Cyd Charisse, as everyone who regularly goes anywhere on the Internet already knows, died today at the age of 86. I have nothing insightful to say about her career. All things considered, I have nothing insightful to say about anything. But I did happen to catch her in East Side, West Side, a Mervyn LeRoy melodrama, a few months ago when it came out on DVD, and I have an observation to share with you bunch of homosexuals.

First, the set-up. The movie is a pretty typical Barbara Stanwyck vehicle: Stanwyck’s husband, played by James Mason, is cheating on her with Ava Gardner. That doesn’t make Stanwyck happy. Then Van Heflin comes to town, and that does make her happy. (You’ve got to hand it to Heflin: All he ever really did was wear a suit and act like a smart-ass, but in every other movie released in the 1940s attractive women were dying to fuck him.) Problem is, he’s dating Charisse, which leads to some brief tension between her character and Stanwyck’s.

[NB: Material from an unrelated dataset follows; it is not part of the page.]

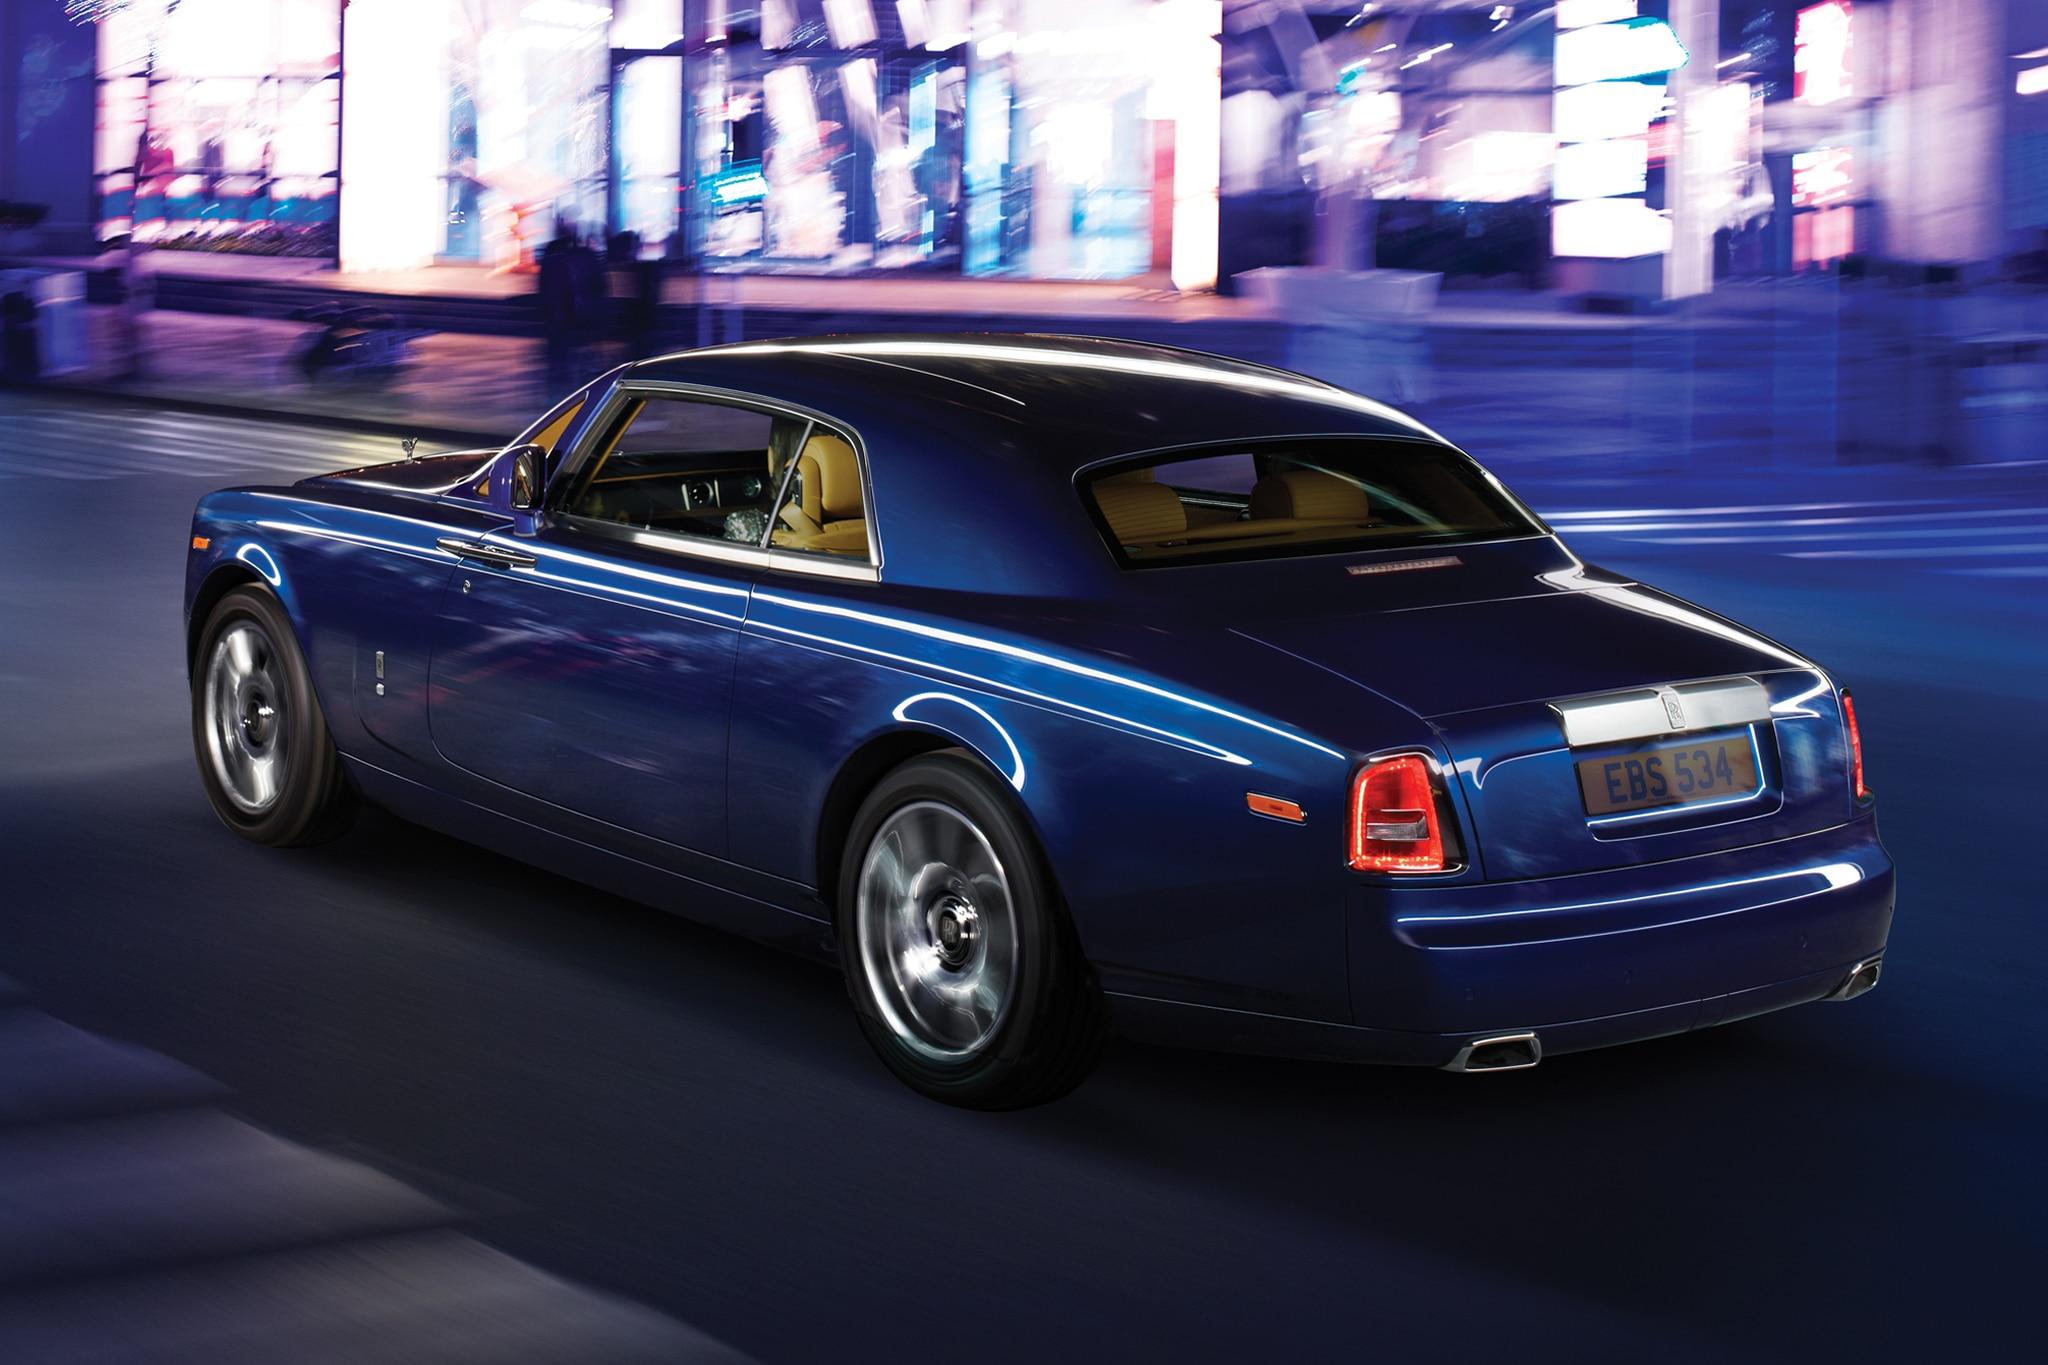 rolls royce phantom coupe - photo #35

Big deal, I know: Stanwyck had tension with everyone in her movies. Her characters were nothing if not tense. What’s different about her big scene with Charisse in East Side, West Side is that she doesn’t seem to be impatiently waiting to snap her next line; she seems to be considering, with some appreciation, the hotness of her younger costar. There was, for the record, a lot of hotness to consider.

Isn’t that a heartwarming remembrance? Yeah, well, I don’t have a lot to say about her — but I think Barbara Stanwyck would’ve hit it. I feel very classy right now.